Credited as the de facto founder of Catholic Charities New York, Toussaint is the first and only layman to be buried in the crypt below the main altar of the current Saint Patrick's Cathedral on Fifth Avenue, generally reserved for bishops of the Archdiocese of New York.

Biography

Early life
Pierre was born into slavery on June 28, 1766, in what is now known as Haiti. He was the son of Ursule, and resided on the Artibonite plantation owned by the Bérard family. The plantation was located on the Artibonite River near Saint-Marc on the colony's west coast. His father's name is not known. He was known to have a sister Rosalie. His maternal grandmother, Zenobe Julien, was also a slave and was later freed by the Bérards for her family service. His maternal great-grandmother, Tonette, had been born in Africa, where she was sold into slavery and brought to Saint-Domingue. He was raised as a Catholic.

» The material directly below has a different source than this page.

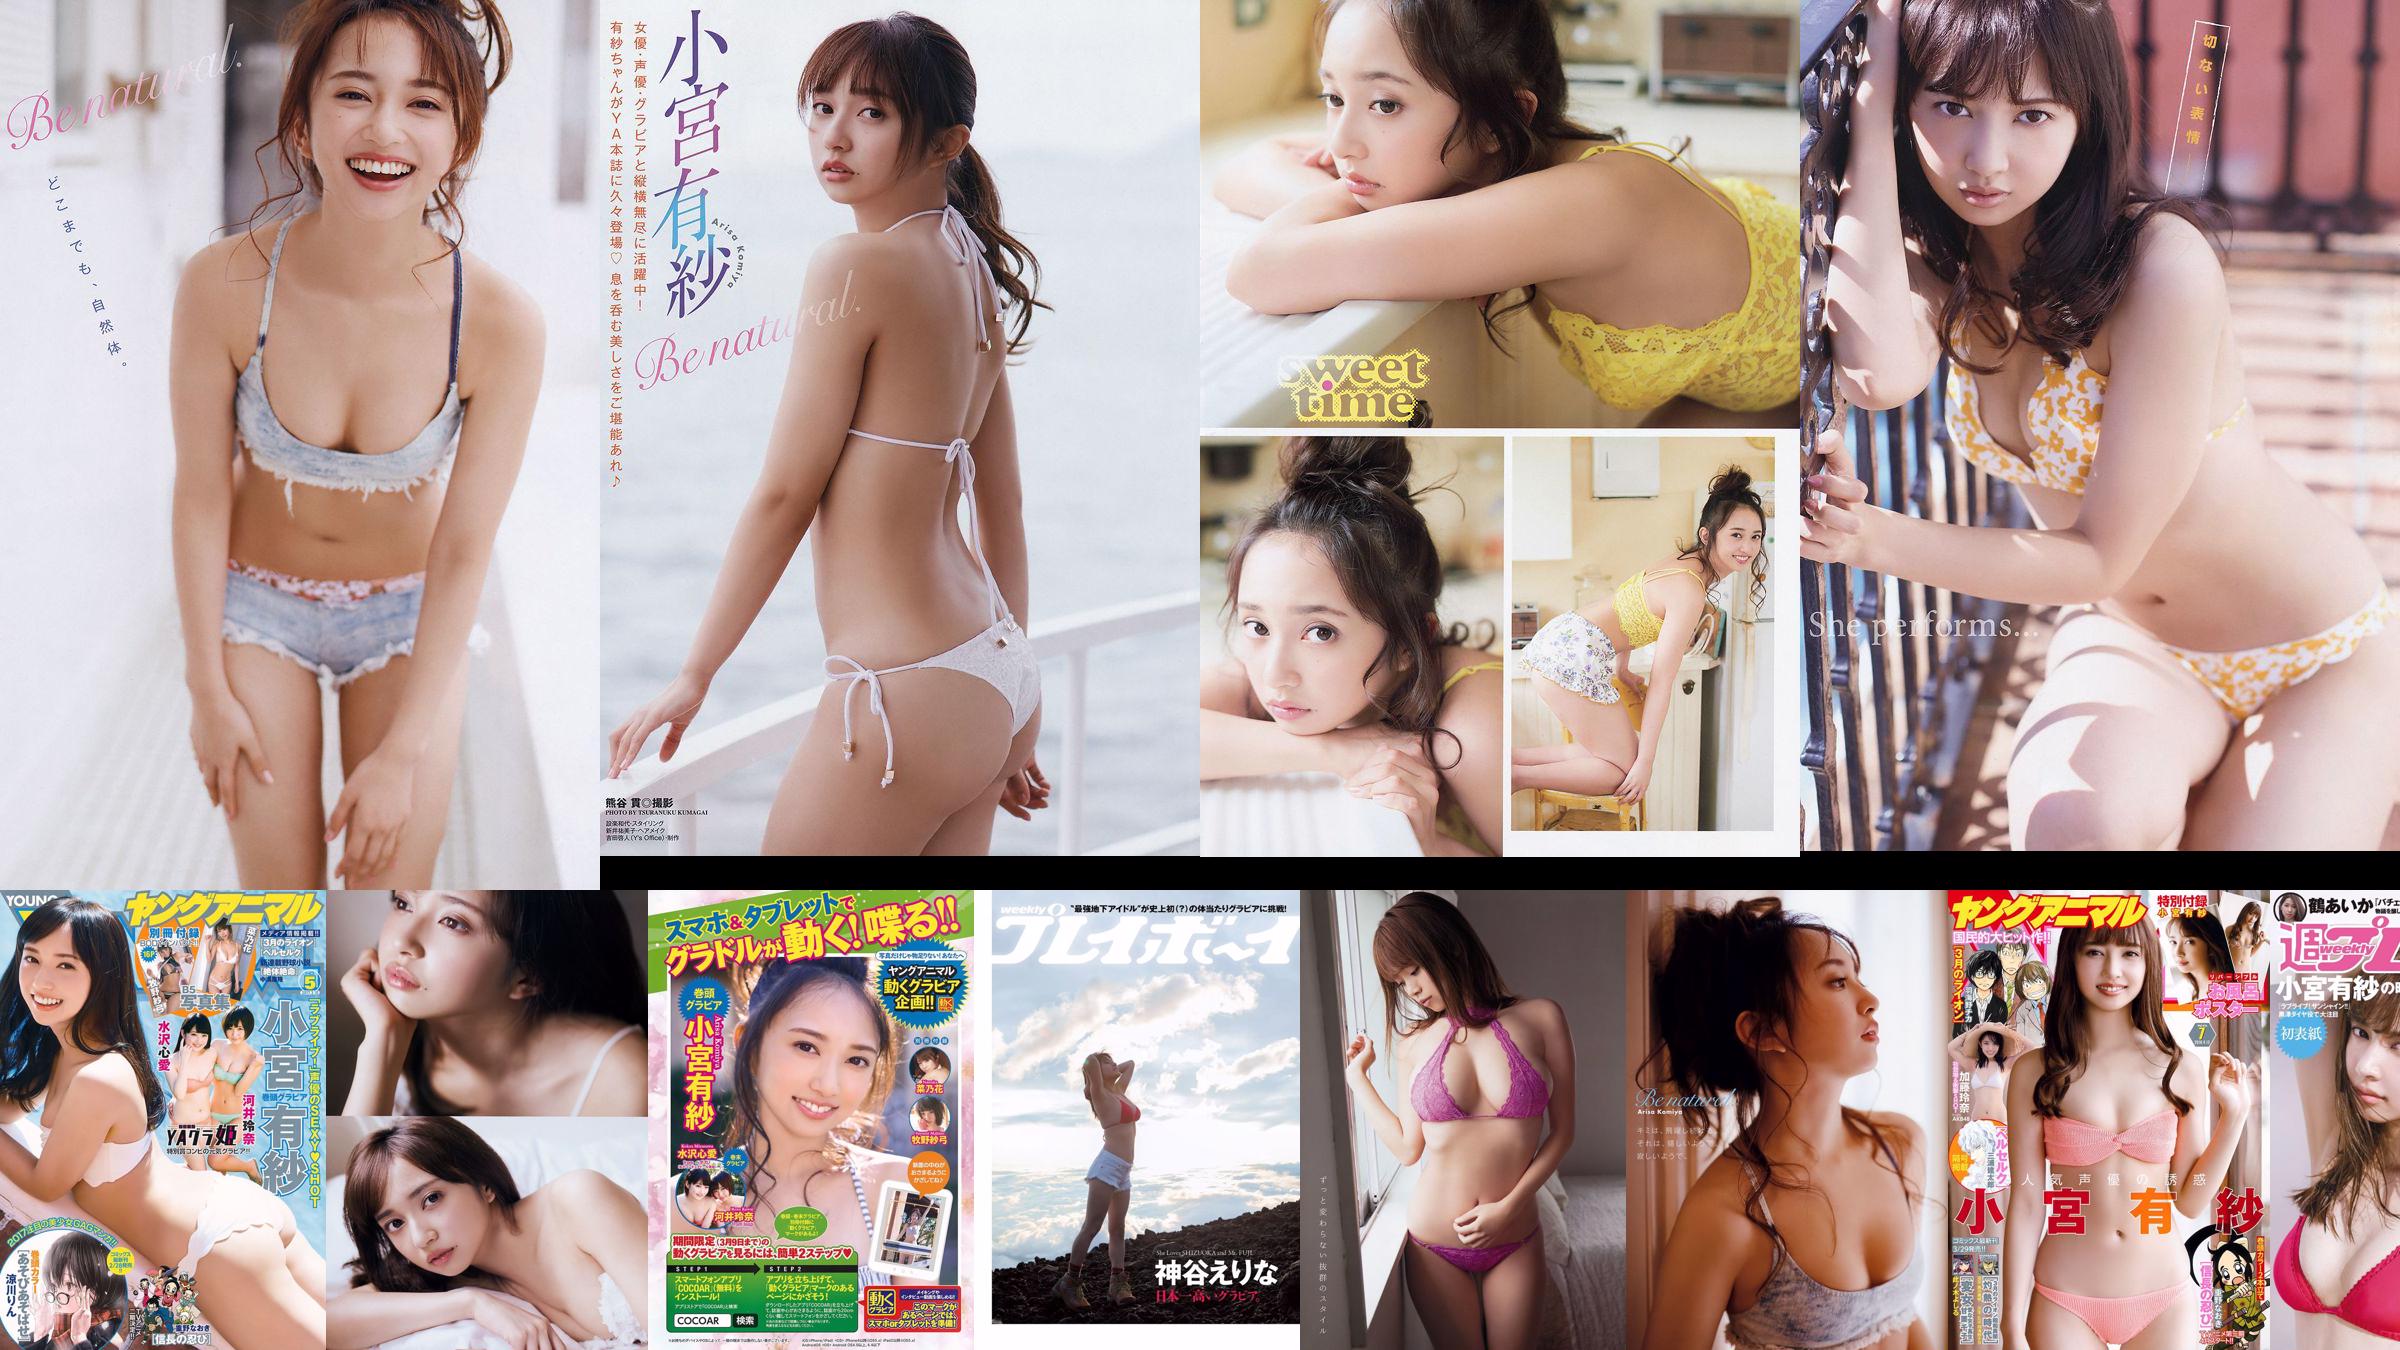 Arisa Komiya Aika Tsuru Sayaka Isoyama Kasumi Arimura Rina Otomo Sei Shiraishi Erina Kamiya [Weekly Playboy] 2017 No.41 Photograph No.0f200f Page 1

Pierre was educated as a child by the Bérard family's tutors and was trained as a house slave. The senior Bérards returned to France, taking Pierre with them, and their son Jean Bérard took over the plantation. As the tensions rose, which would lead to Haitian slaves and free people of color rising in rebellion, in 1797 Bérard and his second wife left the island for New York City, taking five of their slaves with them, including Pierre and Rosalie.

New York
Upon their arrival in New York, Bérard had Pierre apprenticed to one of New York's leading hairdressers. The master returned to Saint-Domingue to see to his property. After Jean Bérard died in St. Domingue of pleurisy, Pierre, who was becoming increasingly successful as a hairdresser in New York, voluntarily took on the support of Madame Bérard. His master had allowed him to keep much of his earnings from being hired out. (Pierre's kindness to his mistress was noted by one of her friends, Philip Jeremiah Schuyler's second wife Mary Schuyler, whose notes were a source for the 1854 memoir of Toussaint.) Madame Bérard eventually remarried, to Monsieur Nicolas, also from Saint-Domingue. On her deathbed, she made her husband promise to free Pierre from slavery.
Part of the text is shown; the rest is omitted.